If you hit error: externally-managed-environment on Ubuntu 23.04+ / Debian 12+, see Troubleshooting.

Quick start

Sample SQL files are included in the examples/ directory — try them immediately after install:

# BigQuery procedural SQL (DataHub Issue #11654):
gsp-datahub-sidecar --sql-file examples/bigquery_procedural.sql --dry-run

# BigQuery dbt deduplication macro (DataHub Issue #11670):
gsp-datahub-sidecar --sql-file examples/bigquery_dbt_dedup.sql --dry-run

# MSSQL stored procedure with CASE...END (DataHub Issue #12606):
gsp-datahub-sidecar --sql-file examples/mssql_stored_procedure.sql --db-vendor dbvmssql --dry-run

# MSSQL view with mixed-case identifiers (DataHub Issues #13792, #11322):
gsp-datahub-sidecar --sql-file examples/mssql_case_sensitivity.sql --db-vendor dbvmssql --dry-run

# Power BI query with comments (DataHub Issue #11251):
gsp-datahub-sidecar --sql-file examples/powerbi_comments.sql --db-vendor dbvmssql --dry-run

# Oracle CREATE VIEW with subqueries:
gsp-datahub-sidecar --sql-file examples/oracle_create_view.sql --db-vendor dbvoracle --dry-run

# Analyze inline SQL:
gsp-datahub-sidecar --sql "DECLARE x INT; CREATE VIEW v AS SELECT a FROM t" --dry-run

# Parse DataHub ingestion logs and emit lineage:
gsp-datahub-sidecar --config sidecar.yaml --log-file /var/log/datahub/ingest.log

Four backend modes

Mode Auth Limit Data location Use case
anonymous (default) None 50/day per IP SQL sent to api.gudusoft.com Quick evaluation
authenticated userId + secretKey (token-exchange) 10k/month SQL sent to api.gudusoft.com Extended evaluation
self_hosted userId + secretKey (token-exchange) Unlimited SQL stays in your VPC Production
local_jar None (local subprocess) Governed by your JAR license SQL never leaves the process Air-gapped / CI (bring your own licensed JAR)

The authenticated and self_hosted tiers use the same SQLFlow token-exchange protocol and hit the same exportFullLineageAsJson endpoint — only the host differs (api.gudusoft.com vs. your Docker).
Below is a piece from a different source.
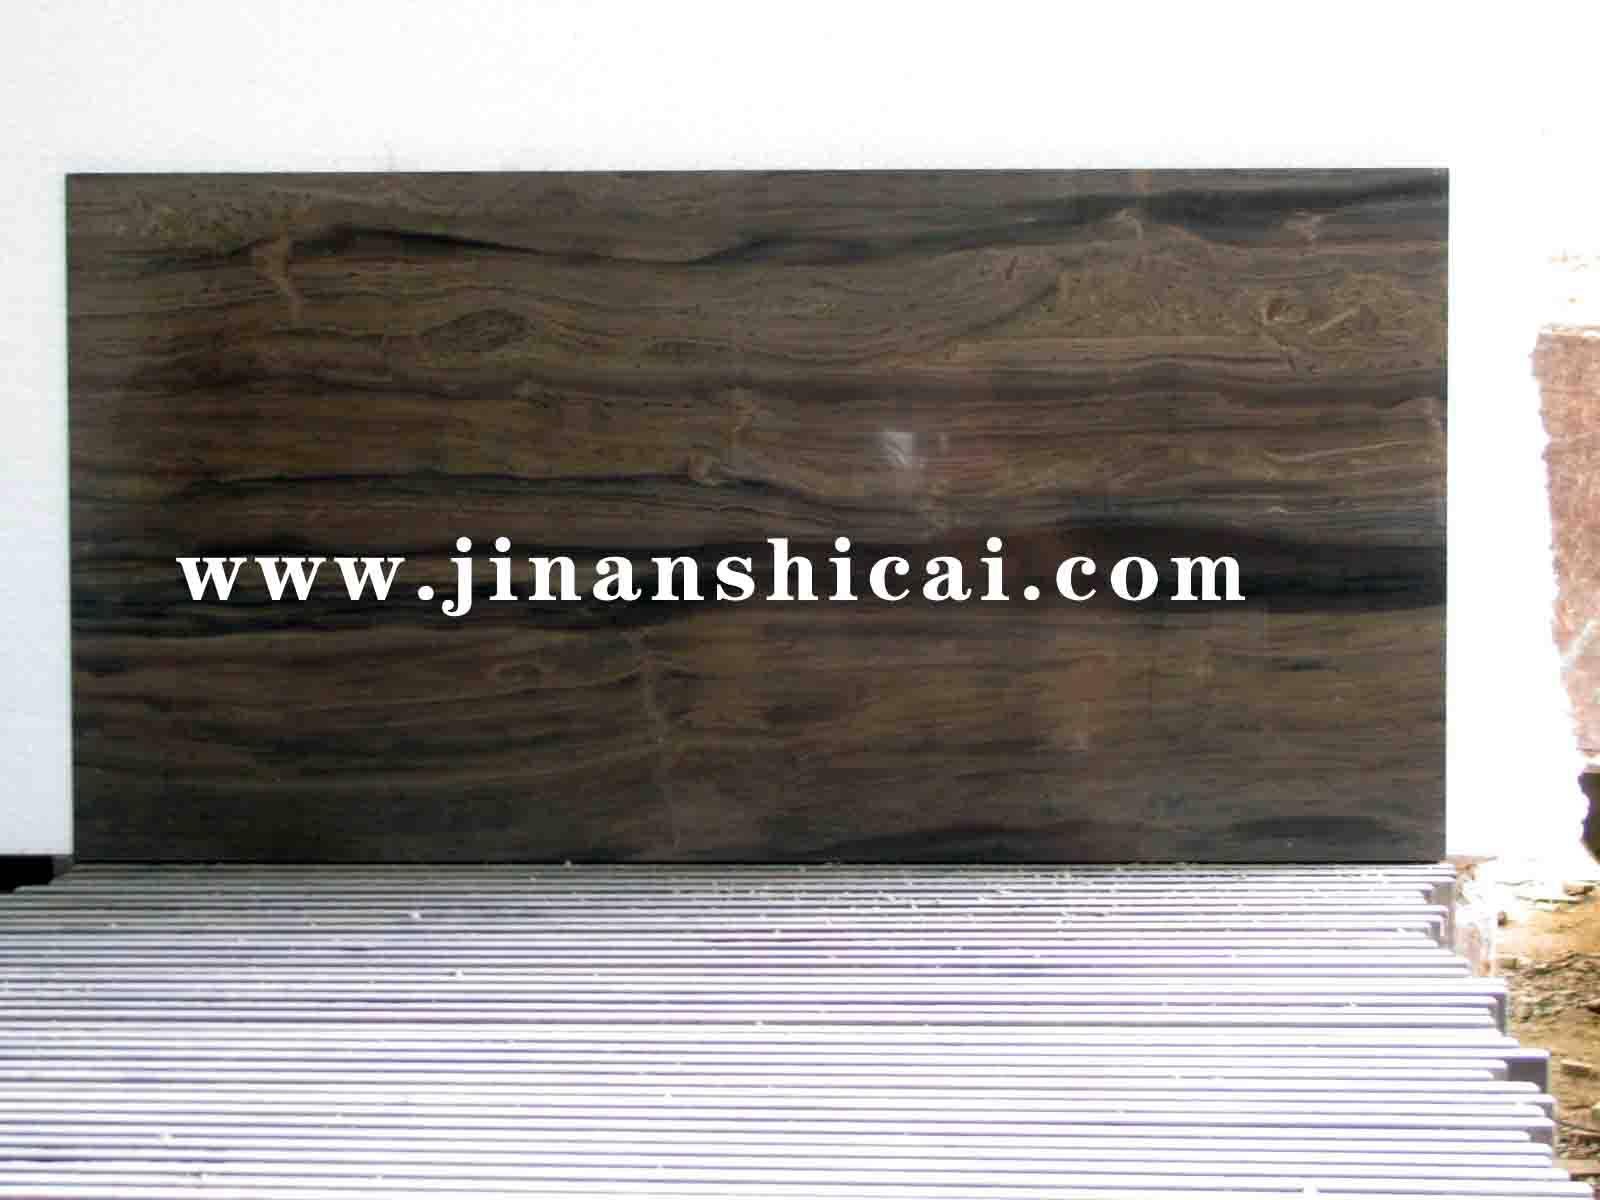 饰面板材,台面板,装饰石材,板材,灰木纹,别墅装饰石材,高档装饰石材

The local_jar tier skips HTTP entirely and invokes SQLFlow's bundled DataFlowAnalyzer CLI via java; it produces the same Dataflow JSON model as the cloud path, so lineage extraction is bit-for-bit equivalent.

Anonymous (default, zero setup)

gsp-datahub-sidecar --sql-file queries.sql --dry-run

Authenticated (sign up for a free key)

Sign up at docs.gudusoft.com/sign-up to get a userId and secretKey, then:

gsp-datahub-sidecar --mode authenticated \
  --user-id YOUR_USER_ID \
  --secret-key YOUR_SECRET_KEY \
  --sql-file queries.sql

The sidecar handles SQLFlow's token-exchange flow automatically.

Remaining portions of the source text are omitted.